> [WHAT THE TASK ASKS] Return the full listing unchanged, apart from leaving out its images.

> [DATA EXCERPT]
──────────
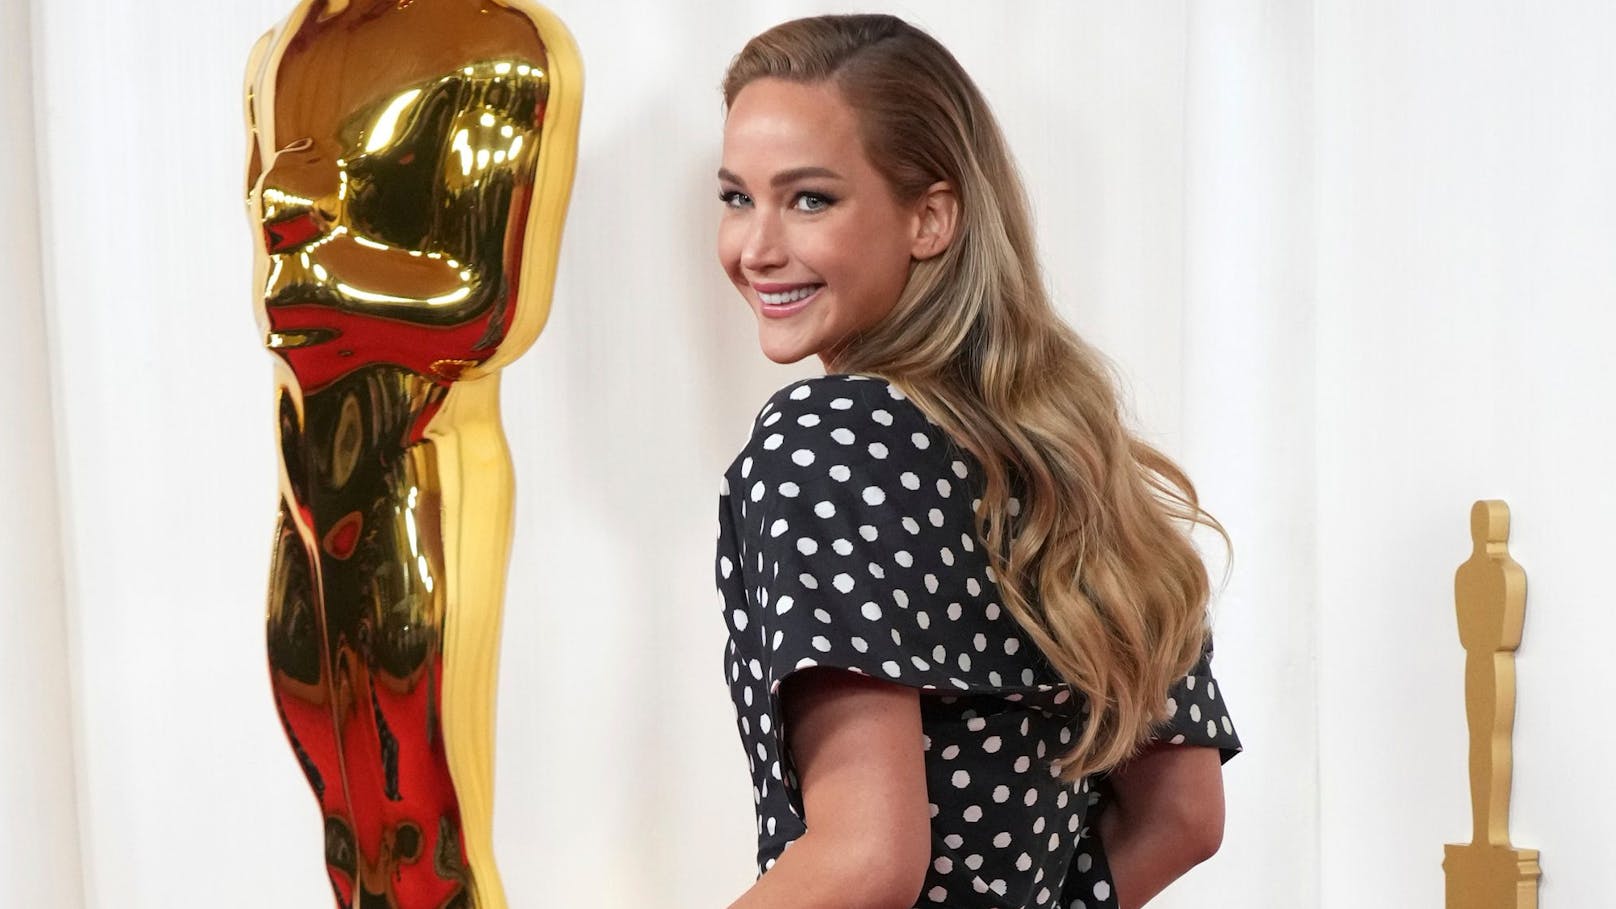 Darum stecken in ihrem Oscar-Kleid 1.500 Arbeitsstunden
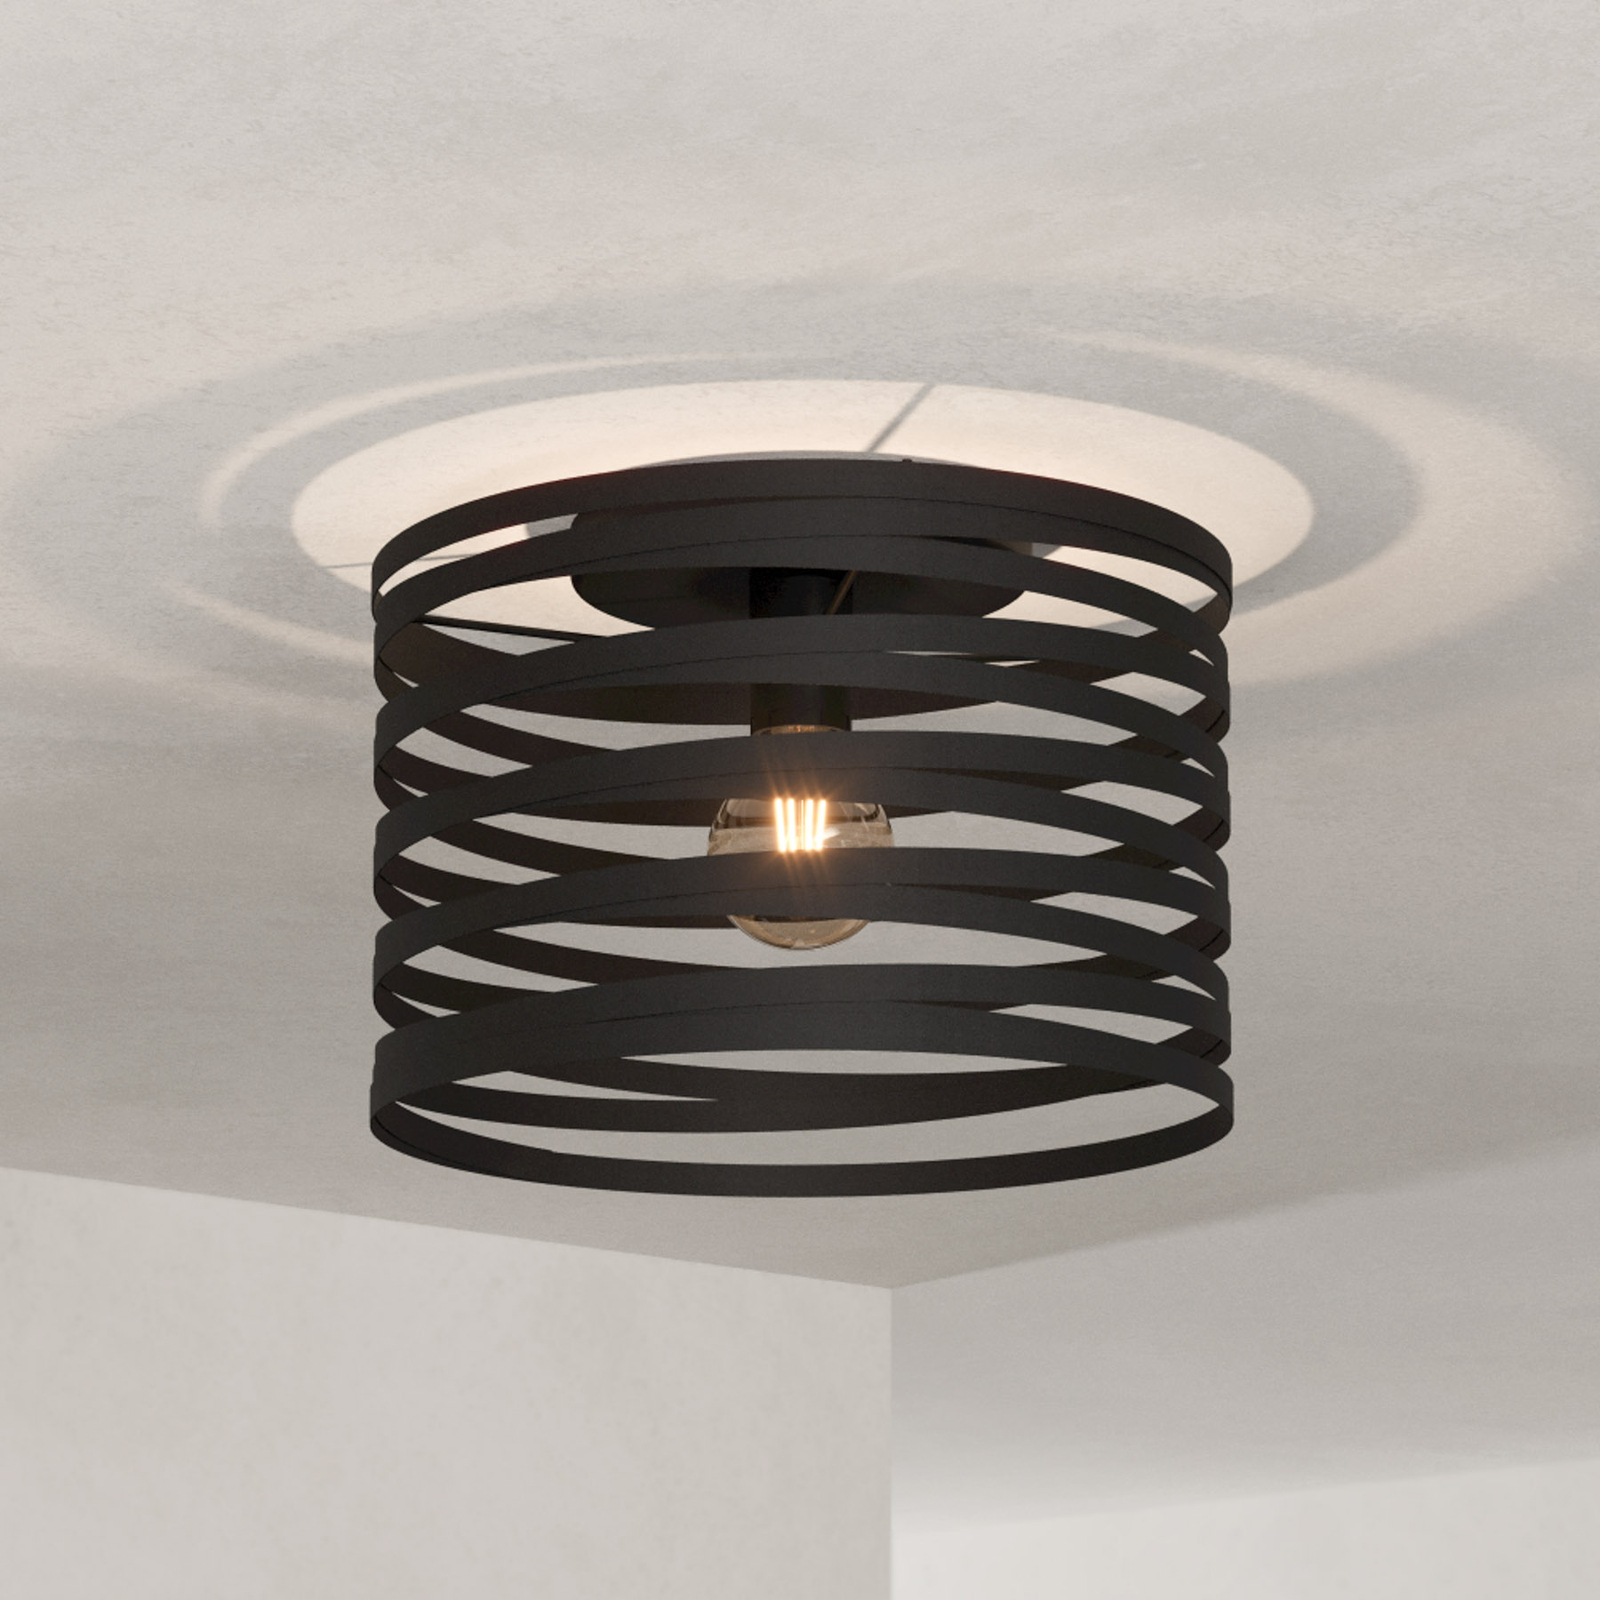 Cremella ceiling light, ring design, black
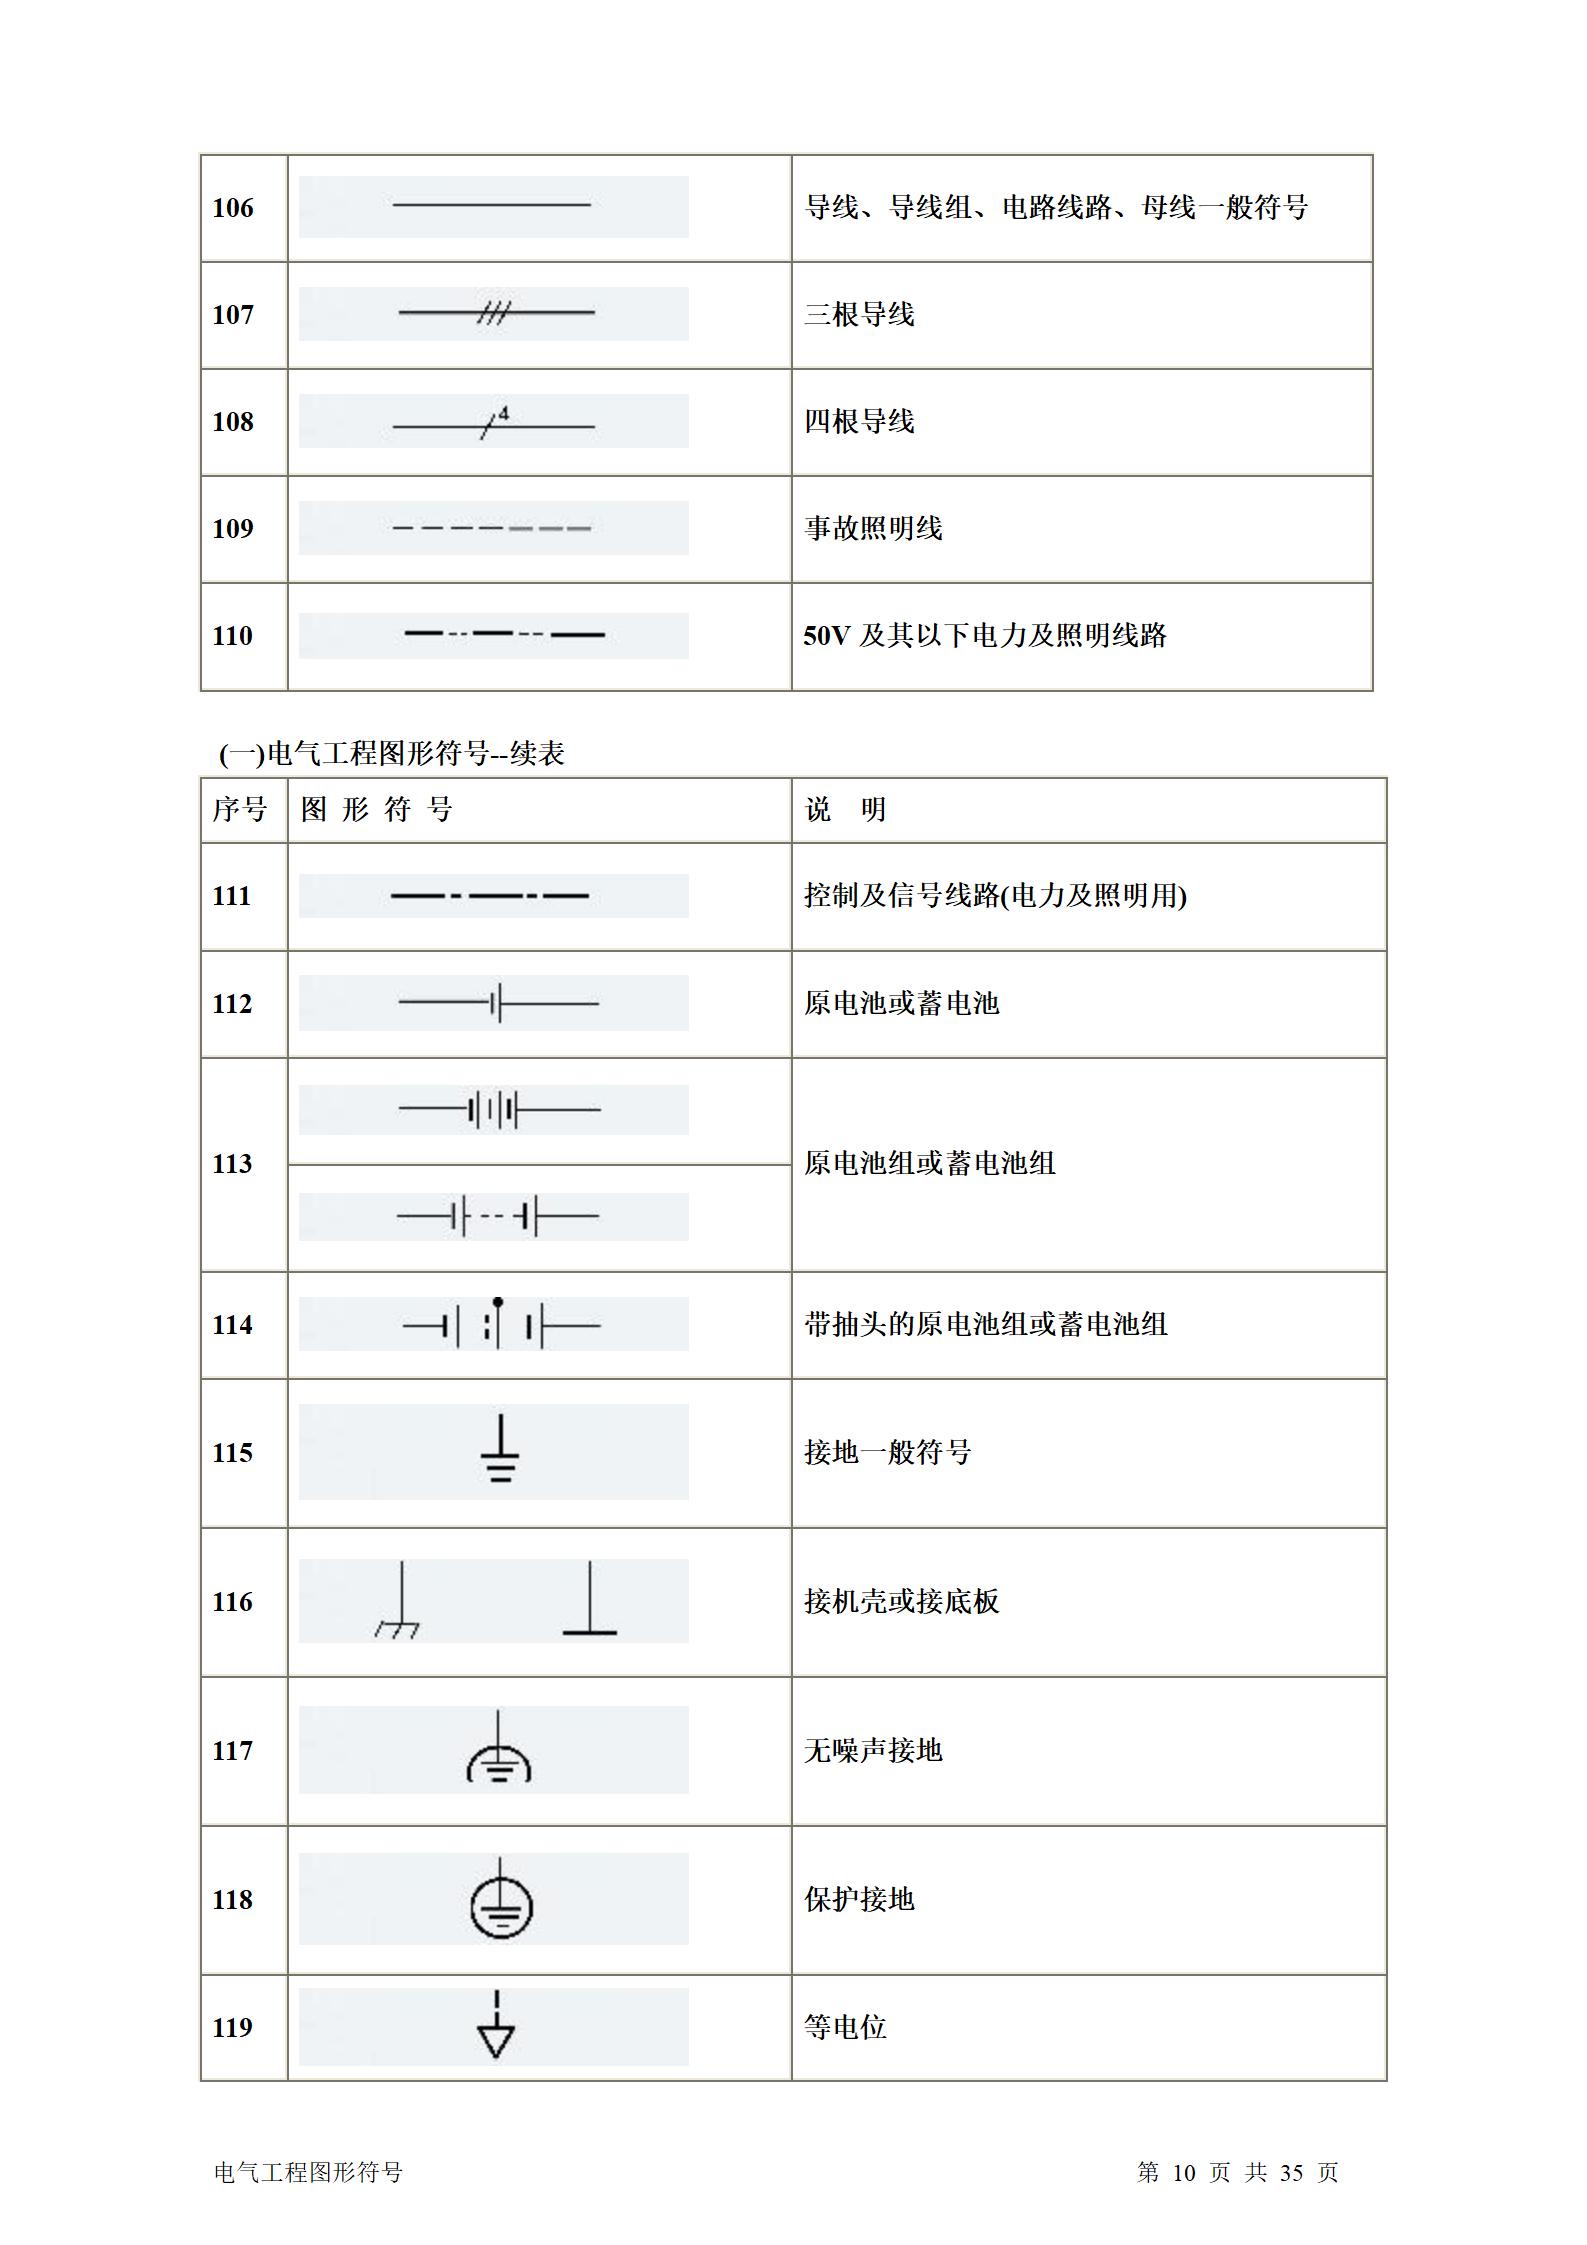 建筑电气、水暖、通风工程图形符号大全word版插图(10)
──────────
> [SOLUTION FOR THIS TASK]
 Darum stecken in ihrem Oscar-Kleid 1.500 Arbeitsstunden
 Cremella ceiling light, ring design, black
 建筑电气、水暖、通风工程图形符号大全word版插图(10)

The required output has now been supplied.